* Exercise objective: Take the entries that follow and return exactly the lines from the one holding "Chain & Metal" through the one holding "Movie Review: Apples", both included. Nothing else is needed.

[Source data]
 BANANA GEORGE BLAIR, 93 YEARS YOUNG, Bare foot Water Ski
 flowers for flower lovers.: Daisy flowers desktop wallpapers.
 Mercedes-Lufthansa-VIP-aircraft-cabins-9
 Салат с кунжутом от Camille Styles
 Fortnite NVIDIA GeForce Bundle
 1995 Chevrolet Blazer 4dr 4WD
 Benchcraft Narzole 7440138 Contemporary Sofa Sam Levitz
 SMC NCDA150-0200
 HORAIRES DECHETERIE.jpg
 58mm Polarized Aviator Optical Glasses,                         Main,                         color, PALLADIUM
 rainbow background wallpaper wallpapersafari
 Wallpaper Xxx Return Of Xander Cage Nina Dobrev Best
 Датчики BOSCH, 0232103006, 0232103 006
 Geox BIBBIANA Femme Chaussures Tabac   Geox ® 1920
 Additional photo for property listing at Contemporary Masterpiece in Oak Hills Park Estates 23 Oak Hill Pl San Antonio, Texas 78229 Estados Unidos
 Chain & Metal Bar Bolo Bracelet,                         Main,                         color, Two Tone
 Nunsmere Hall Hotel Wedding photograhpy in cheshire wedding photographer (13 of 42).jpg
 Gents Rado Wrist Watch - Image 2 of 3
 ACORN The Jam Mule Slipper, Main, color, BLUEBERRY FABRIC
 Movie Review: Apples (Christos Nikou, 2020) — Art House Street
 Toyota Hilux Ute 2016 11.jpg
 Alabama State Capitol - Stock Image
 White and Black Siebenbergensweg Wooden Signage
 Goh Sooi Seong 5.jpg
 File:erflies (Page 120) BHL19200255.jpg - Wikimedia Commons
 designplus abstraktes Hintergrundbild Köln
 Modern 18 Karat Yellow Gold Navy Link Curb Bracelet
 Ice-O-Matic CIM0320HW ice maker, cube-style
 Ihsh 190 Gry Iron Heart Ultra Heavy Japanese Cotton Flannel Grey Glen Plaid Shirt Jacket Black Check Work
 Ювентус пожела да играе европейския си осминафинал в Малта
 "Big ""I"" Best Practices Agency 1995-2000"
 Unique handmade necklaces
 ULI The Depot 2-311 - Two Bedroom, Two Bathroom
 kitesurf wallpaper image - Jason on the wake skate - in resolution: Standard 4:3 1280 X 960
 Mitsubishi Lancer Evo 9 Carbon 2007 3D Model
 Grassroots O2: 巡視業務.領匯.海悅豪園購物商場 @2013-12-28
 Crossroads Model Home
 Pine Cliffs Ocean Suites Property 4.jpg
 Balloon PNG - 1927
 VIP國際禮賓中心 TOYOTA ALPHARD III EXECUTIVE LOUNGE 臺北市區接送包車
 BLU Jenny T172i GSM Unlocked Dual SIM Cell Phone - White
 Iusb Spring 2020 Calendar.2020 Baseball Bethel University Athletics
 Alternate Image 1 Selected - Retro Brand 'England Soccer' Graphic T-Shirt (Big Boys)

* Answer to this task:
 Chain & Metal Bar Bolo Bracelet,                         Main,                         color, Two Tone
 Nunsmere Hall Hotel Wedding photograhpy in cheshire wedding photographer (13 of 42).jpg
 Gents Rado Wrist Watch - Image 2 of 3
 ACORN The Jam Mule Slipper, Main, color, BLUEBERRY FABRIC
 Movie Review: Apples (Christos Nikou, 2020) — Art House Street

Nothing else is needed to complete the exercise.